Follow a no-fail recipe.

When scientists first started writing about their discoveries, no conventions existed to dictate what form their writing should take. In the 17th century, the first scientific journals published papers written as chronologically structured narratives, or even as descriptive letters (Sollaci & Pereira, 2004; Wu, 2011). Only in the 20th century did scientific journals begin to publish articles which followed a conventional structure.

Nowadays, we expect to read scientific articles organized according to a discipline’s conventions. Conventions make articles easier to understand, because conventions satisfy readers’ expectations about how researchers present information. Scientific writers follow accepted practices or conventions to increase the grasp – and impact – of their work. In Section 3.2 I describe how an important modern convention can scaffold creating topics.

By the 1940s, scientific writing in many disciplines began using a particular convention: the Introduction, Method, Results and Discussion (IMRaD) structure. By 1965, IMRaD had become the dominant convention, and now serves, by far, as scientific writing’s most common structure (Sollaci & Pereira, 2004).

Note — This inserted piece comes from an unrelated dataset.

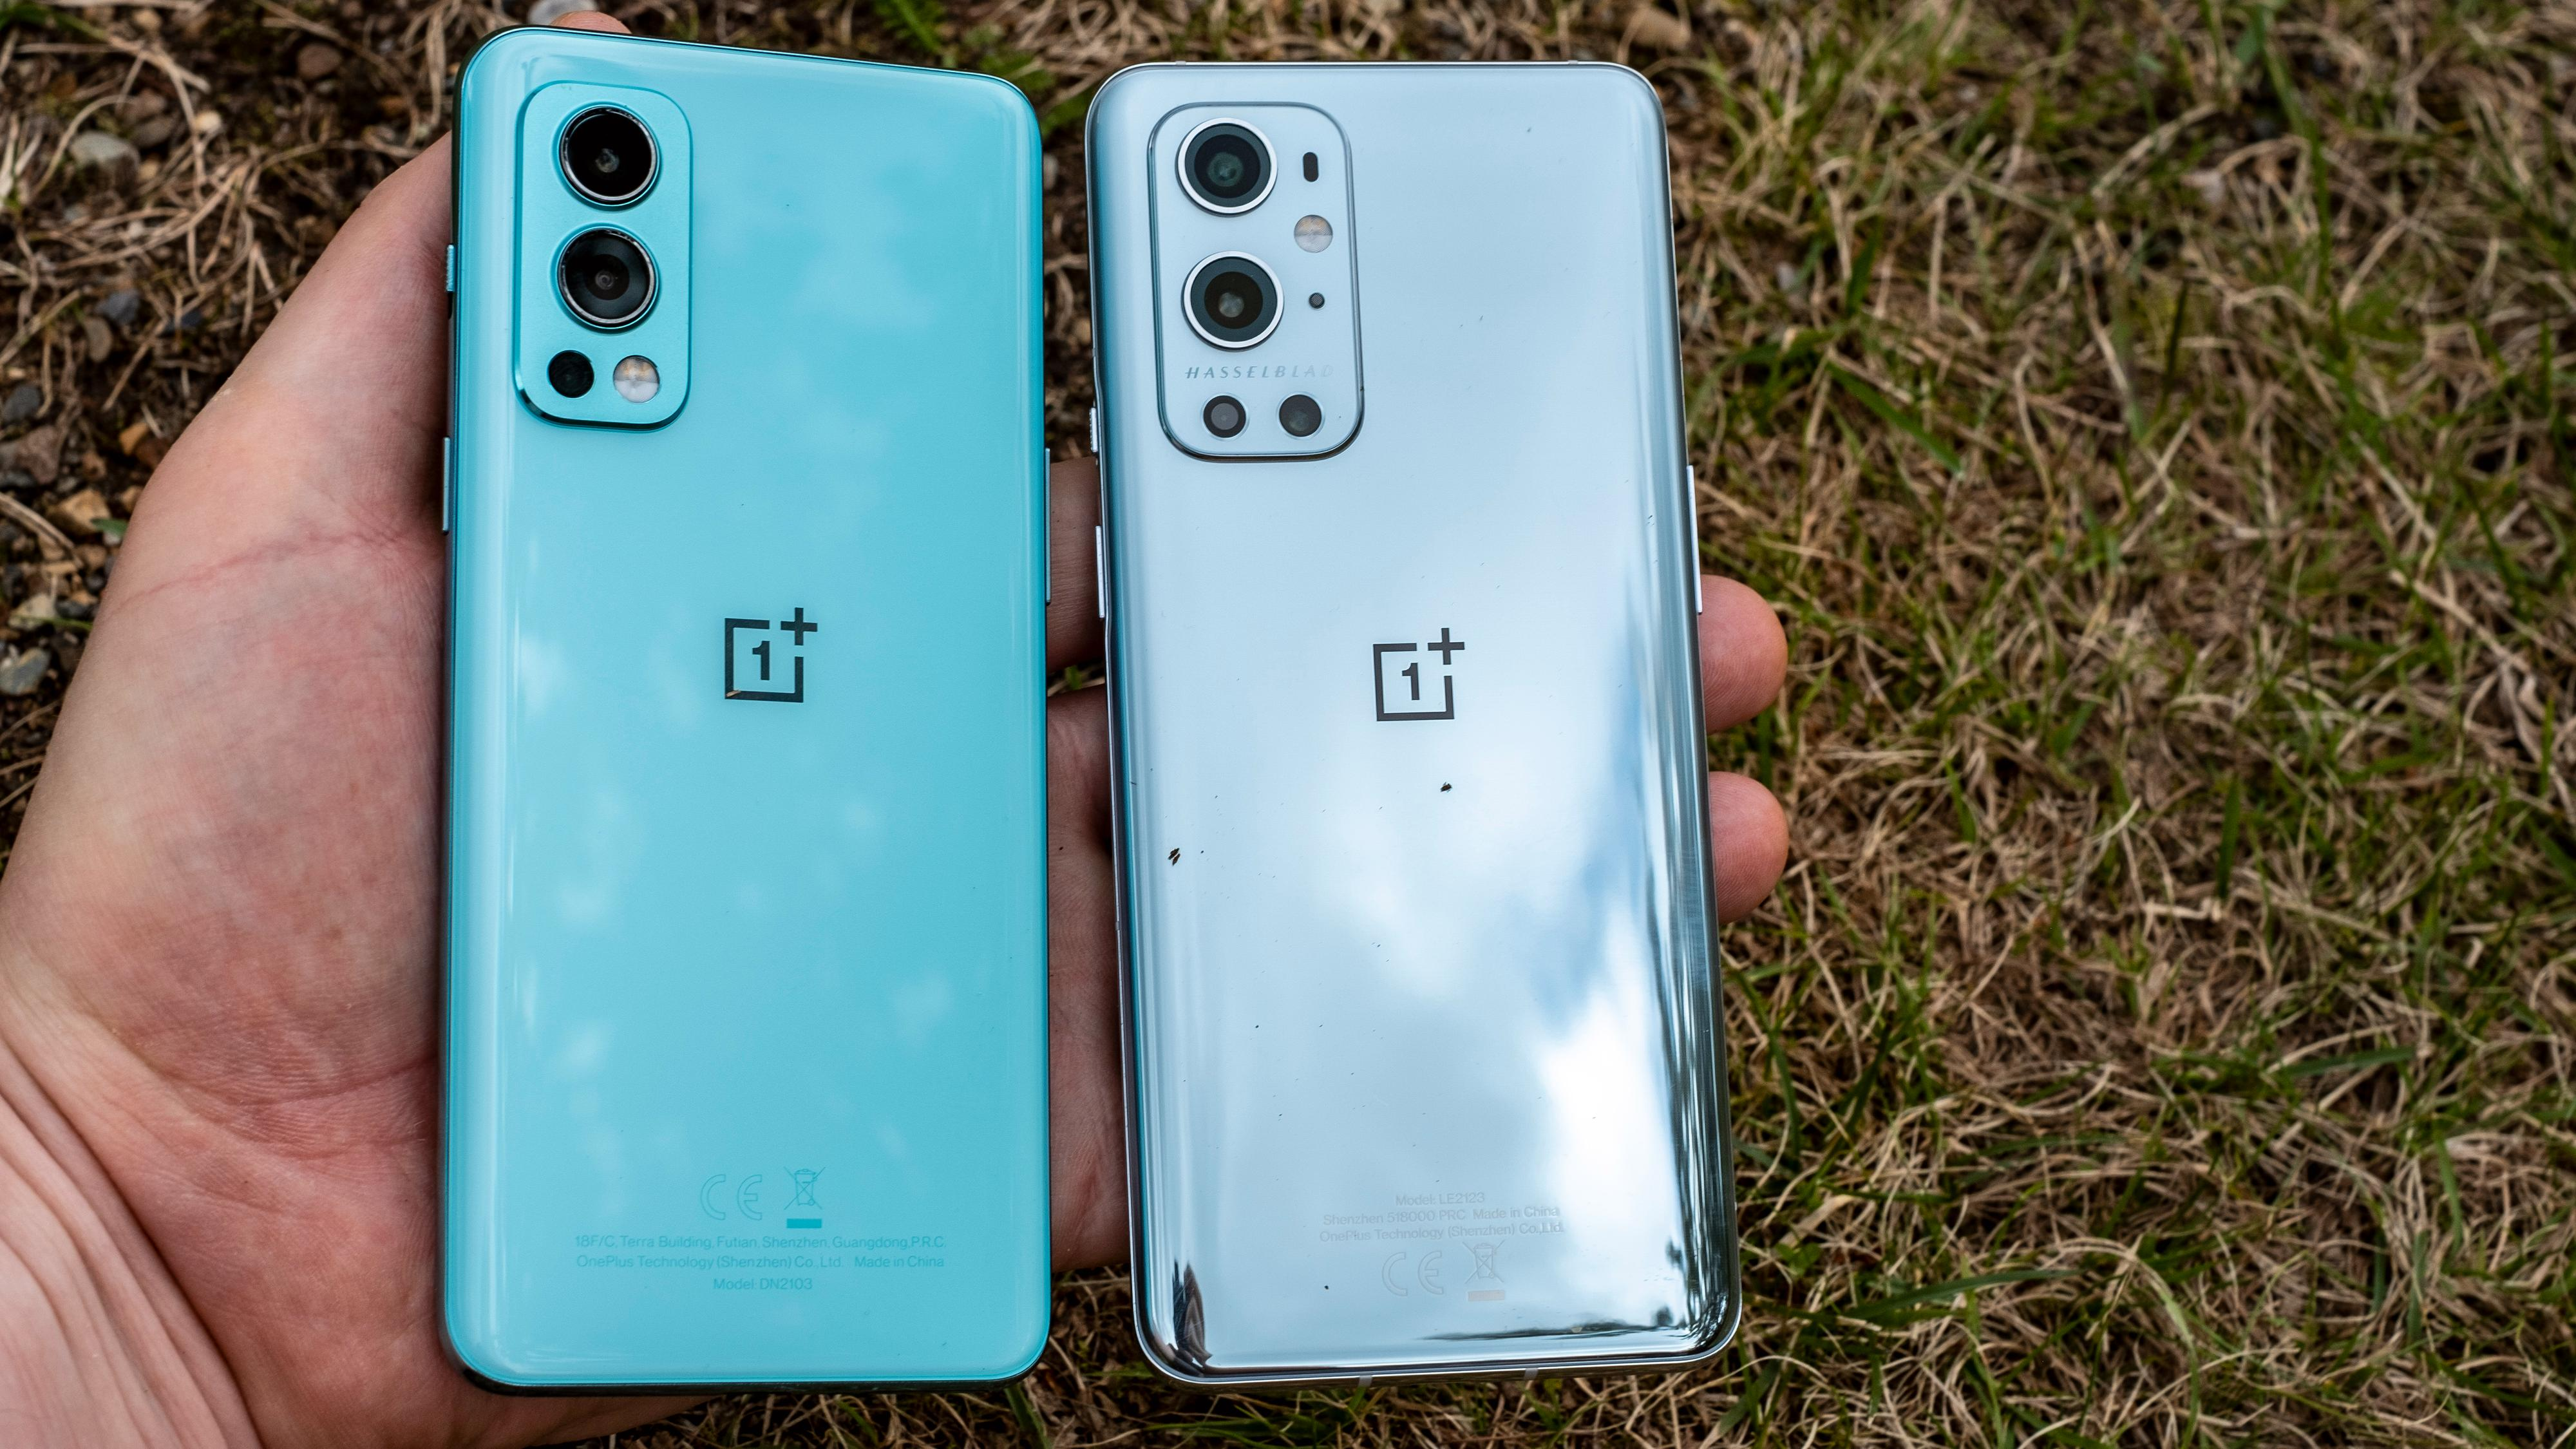 OnePlus Nord 2 til venstre og OnePlus 9 til høyre.
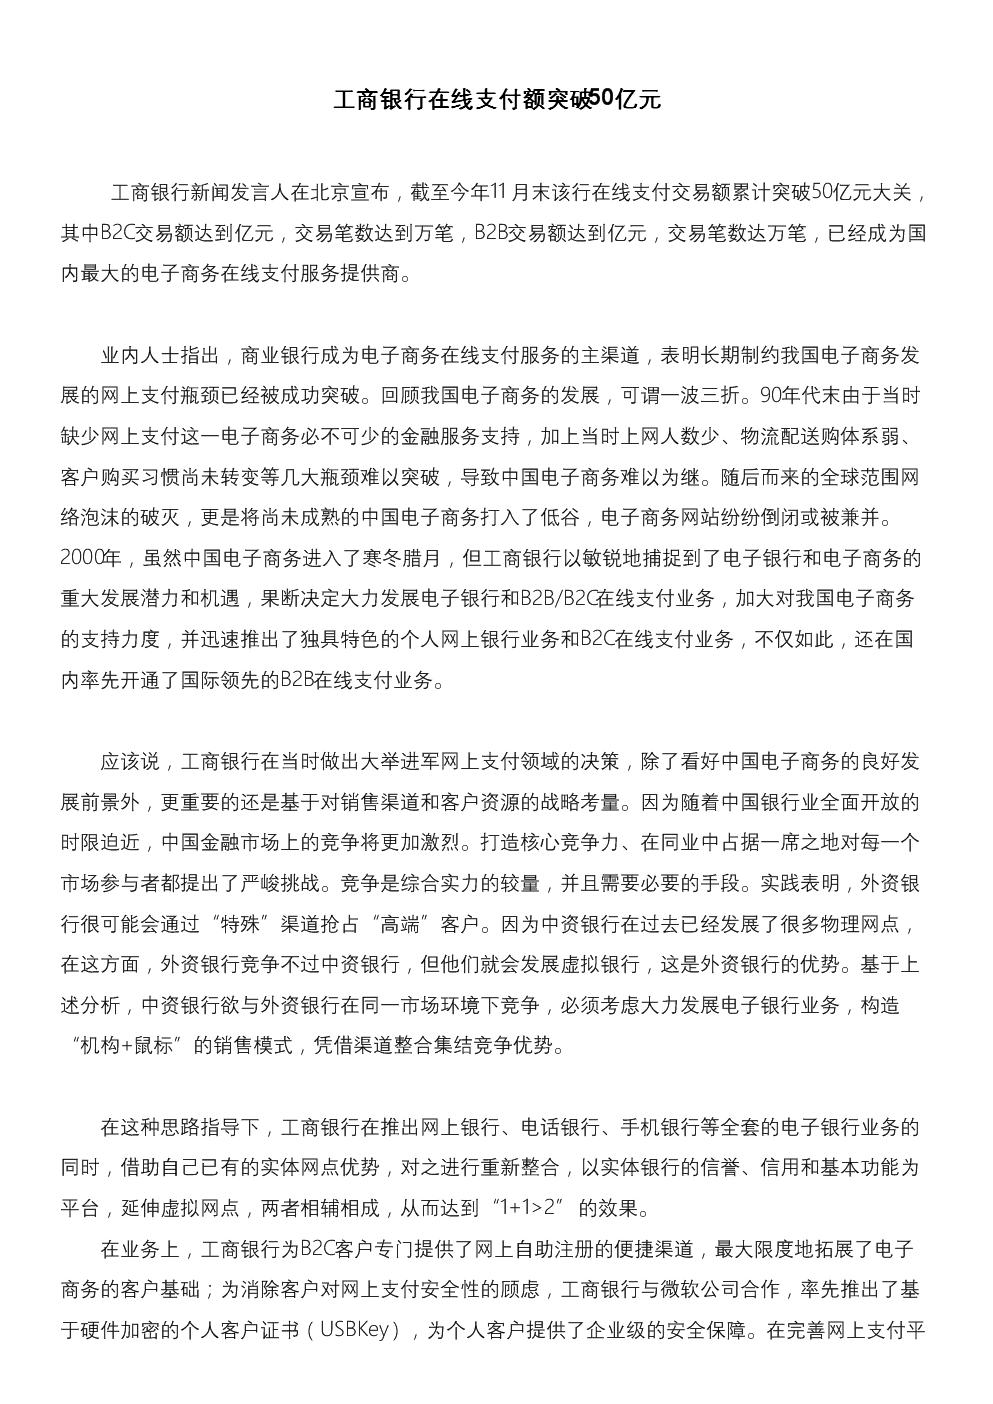 工商银行在线支付额突破50亿元.docx

IMRaD provides a logical narrative for a scientific paper. The introduction lays out a problem, states the problem’s importance, relates what researchers know (or don’t know) about the problem, and introduces research questions, hypotheses, and objectives. The method section describes how the writer studied their research questions. The results section conveys what the research methods found. The discussion interprets what the results mean, and states why readers should consider results as important.

Why has IMRaD become the dominant convention for scientific writing? First, IMRaD provides essential structure for successfully disseminating scientific research. “Most, if not all, editors and scientists agree that IMRaD provides a consistent framework that guides the author to address several questions essential to understanding a scientific study” (Wu, 2011, p. 1347). Second, you can apply IMRaD across diverse disciplines. Not surprisingly, many books about scientific writing discuss IMRaD (Heard, 2022; Sarnecka, 2019; Schimel, 2012; Sword, 2012).

One often finds IMRaD promoted within disciplines. For example, the 7th edition of the Publication manual of the American Psychological Association (APA) (American Psychological Association, 2020) provides conventions for psychologists to use to report research. Within the APA manual one finds an extremely detailed IMRaD structure. Table 3-1 of the APA manual (pages 77-79) provides a long list of IMRaD components, including the structure for each IMRad component and detailing the topics and subtopics to include in each section.

For example, the APA’s Table 3-1 breaks the introduction into discussing three core subtopics: ‘Problem’, ‘Review of Relevant Scholarship’, and ‘Hypothesis, Aims, and Objectives’. For the latter subtopic, the table (American Psychological Association, 2020, p. 78) instructs the writer to “state specific hypotheses aims and objectives including theories or other means to derive hypotheses, primary and secondary hypotheses, other planned analyses.”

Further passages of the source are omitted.